Weights are only +1 and -1:

1
2
Traditional: y = W × x    (floating-point multiplication)
Binary: y = sign(W) × x (can use bit operations!)

Advantages:

  • Minimal storage
  • Can use efficient bit operations

Disadvantages:

  • Severe accuracy loss
  • Mainly used for specific scenarios (e.g., edge devices)

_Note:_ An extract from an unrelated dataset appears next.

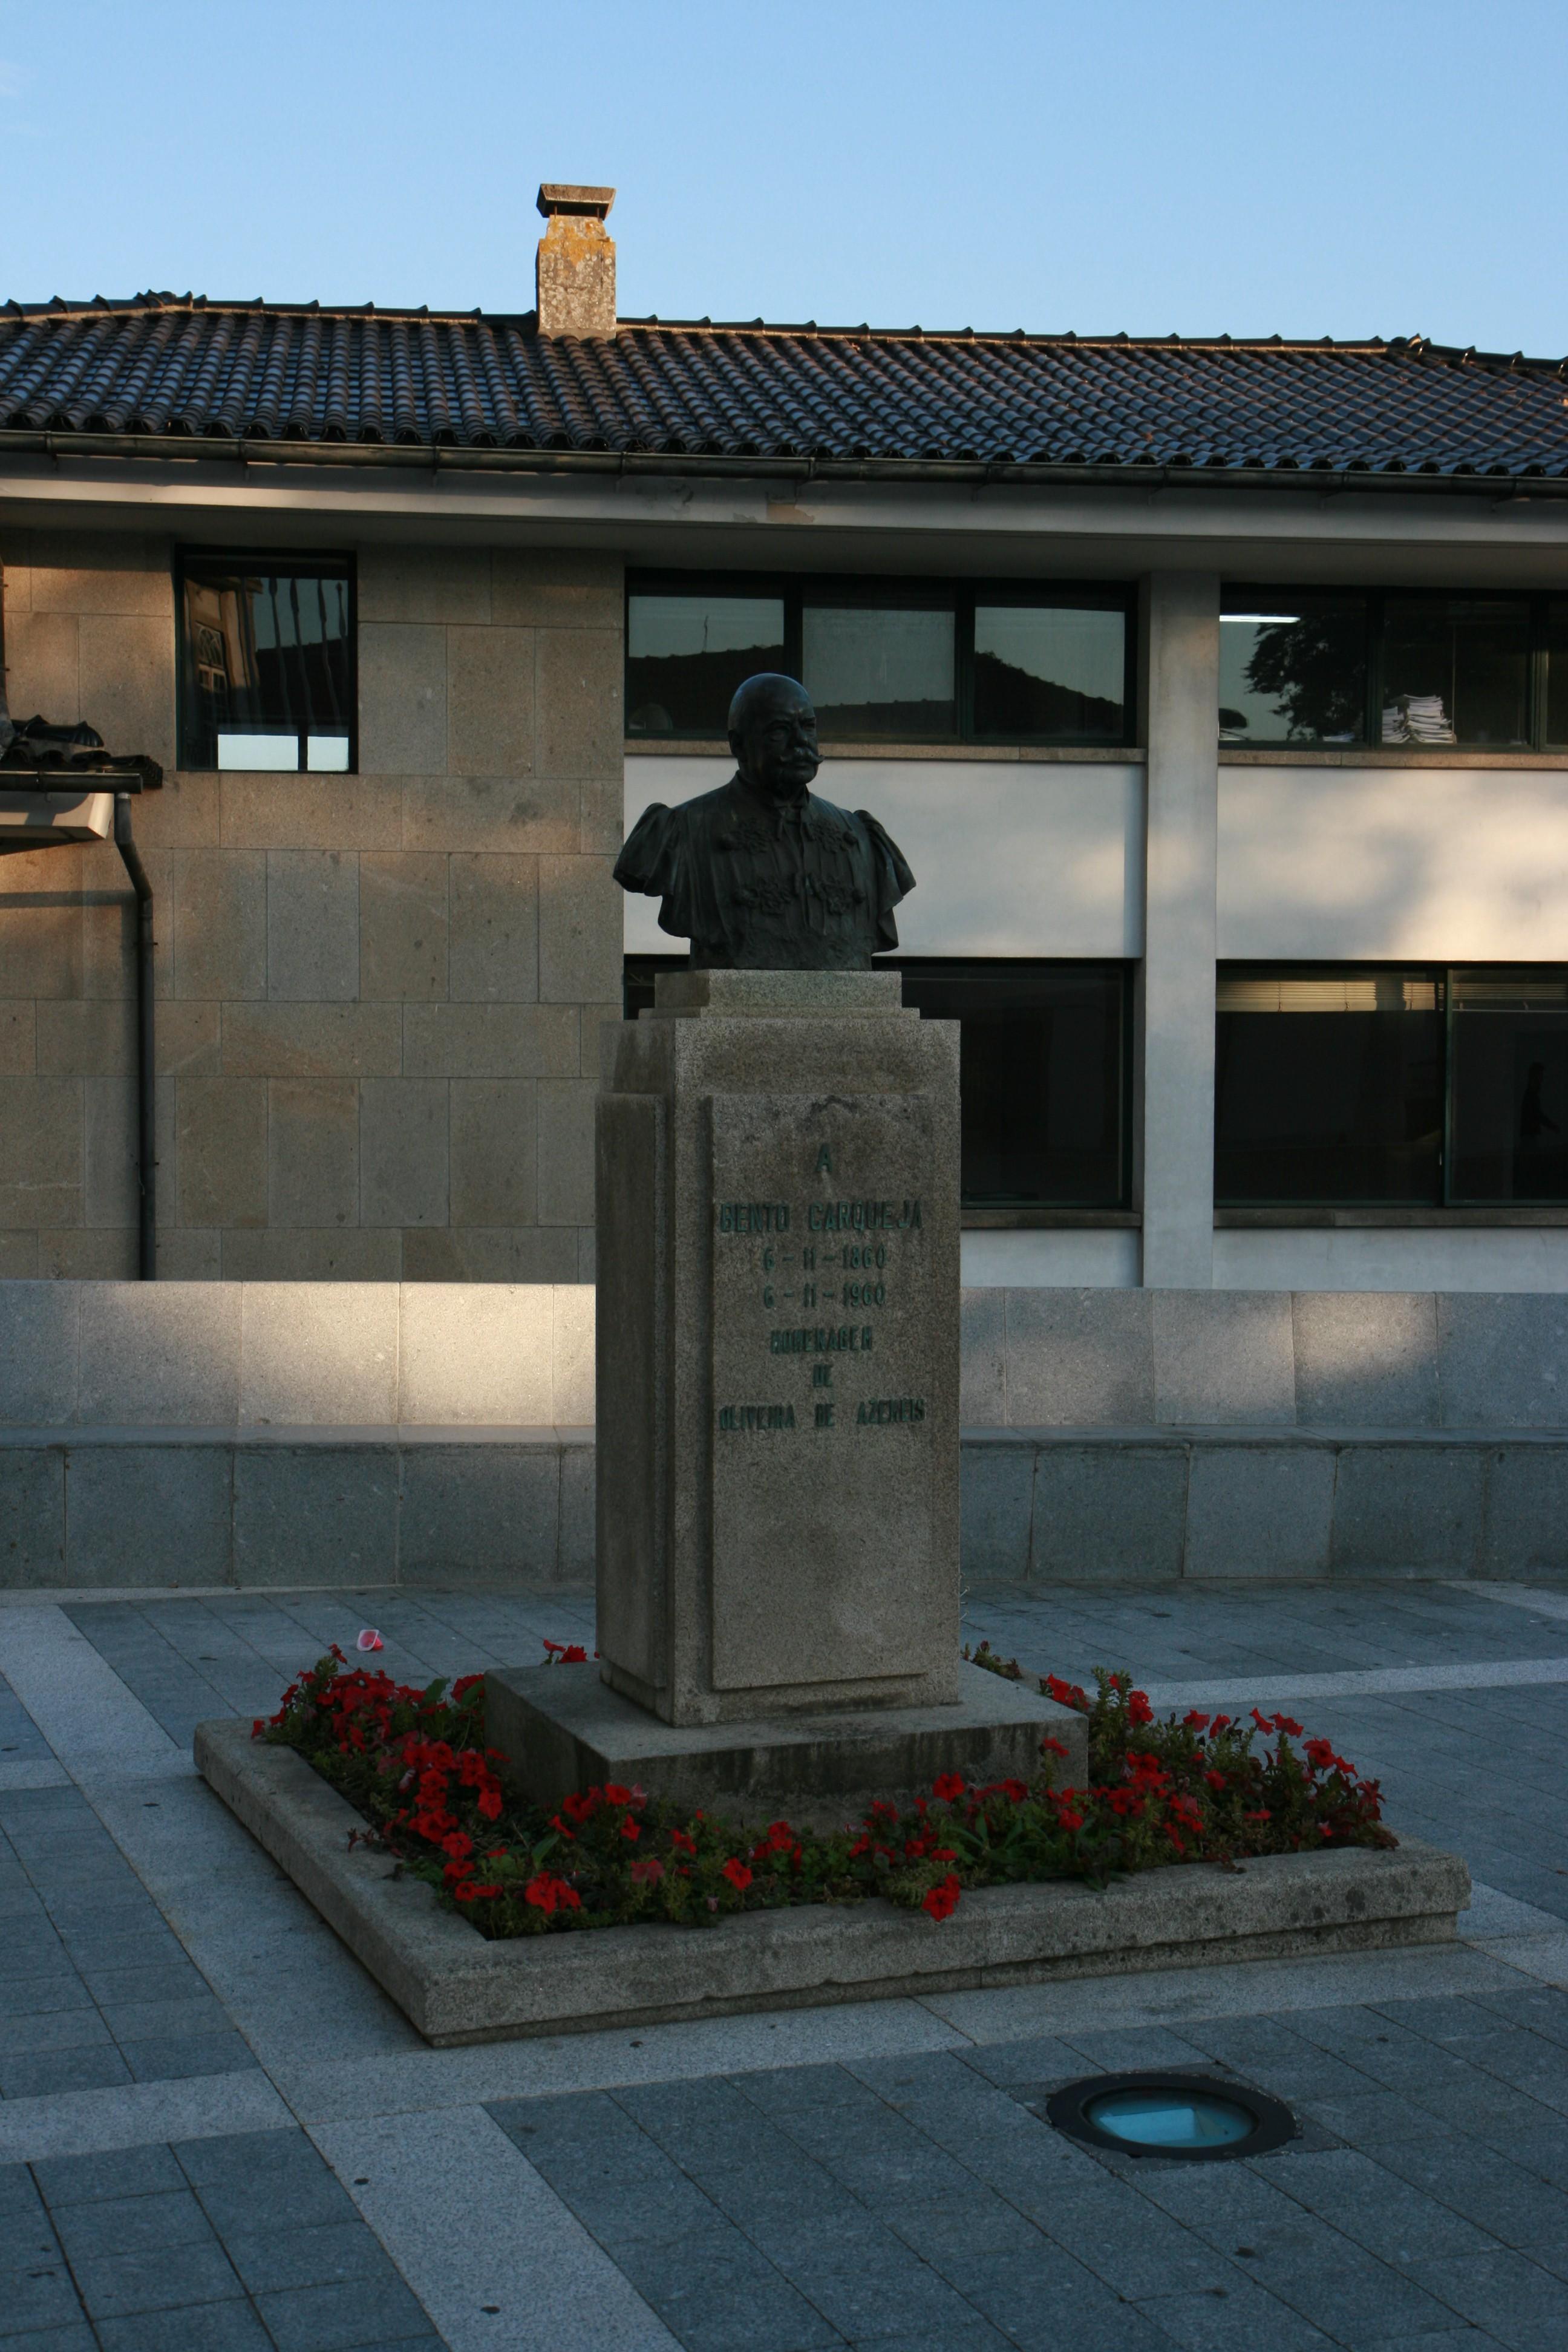 Busto de Bento Carqueja, localizado no Largo da República, junto aos Paços do Concelho de Oliveira de Azeméis

Key Technical Details of Quantization

Group Quantization

Instead of sharing one scale for the entire layer, divide into small groups:

1
2
3
Traditional: Whole layer scale = 1 parameter
Group: Every 128 weights form a group, each group has independent scale
→ Finer quantization, higher precision

Common configurations:

  • GPTQ: group_size = 128
  • AWQ: group_size = 128
  • Smaller groups = higher precision, but more overhead

Zero Point

Handling asymmetric distributions:

1
2
3
Symmetric quantization: -8 ~ 7, 0 corresponds to float 0
Asymmetric quantization: 0 ~ 15, can have offset
actual value = (quantized value - zero_point) × scale

Performance Comparison

LLaMA-2-70B performance on a single card:

Method Precision Memory Perplexity Loss Speed
FP16 16-bit 140GB Baseline Baseline
GPTQ-4bit 4-bit 35GB +0.1-0.3 1.5x
AWQ-4bit 4-bit 35GB +0.05-0.2 1.5x
GGUF-Q4 4-bit ~35GB +0.1-0.3 1.3x
2-bit 2-bit ~17GB +1.0-3.0 1.8x

Practical Recommendations

How to Choose a Quantization Method?

1
2
3
4
5
6
7
8
9
10
11
Scenario 1: Pursuing highest accuracy
→ AWQ or GPTQ, 4-bit group=128

Scenario 2: Extreme compression, acceptable accuracy loss
→ 3-bit or 2-bit quantization

Scenario 3: Need fine-tuning
→ QLoRA (NF4 + LoRA)

Scenario 4: Edge deployment
→ GGUF format (llama.cpp)

Common Tools

Tool Supported Formats Features
AutoGPTQ GPTQ Easy to use, HuggingFace integrated
AutoAWQ AWQ Fast, hardware-friendly
llama.cpp GGUF CPU-friendly, multiple quantization levels
bitsandbytes NF4/INT8 Commonly used for QLoRA
exllama/exllamav2 GPTQ High-performance inference

Usage Example

Loading a 4-bit Model

1
2
3
4
5
6
7
8
9
10
11
12
13
14
from transformers import AutoModelForCausalLM, BitsAndBytesConfig

## Configure 4-bit quantization
bnb_config = BitsAndBytesConfig(
load_in_4bit=True,
bnb_4bit_quant_type="nf4", # Use NF4
bnb_4bit_compute_dtype=torch.float16
)

model = AutoModelForCausalLM.from_pretrained(
"meta-llama/Llama-2-70b-hf",
quantization_config=bnb_config,
device_map="auto"
)

Summary

Low-bit quantization is a key technology for running large models under resource constraints. From INT4 to INT2 to binary networks, each bit reduction represents a difficult balance between precision and efficiency.

Key points:

  1. INT4 is mainstream: GPTQ, AWQ are mature and usable
  2. Group quantization: Key technique for improving precision
  3. Activation-aware: Methods like AWQ identify important weights
  4. Rich tooling: AutoGPTQ, llama.cpp, etc. are ready to use

Low-bit quantization brings large models “into ordinary homes,” serving as an important driver for AI democratization.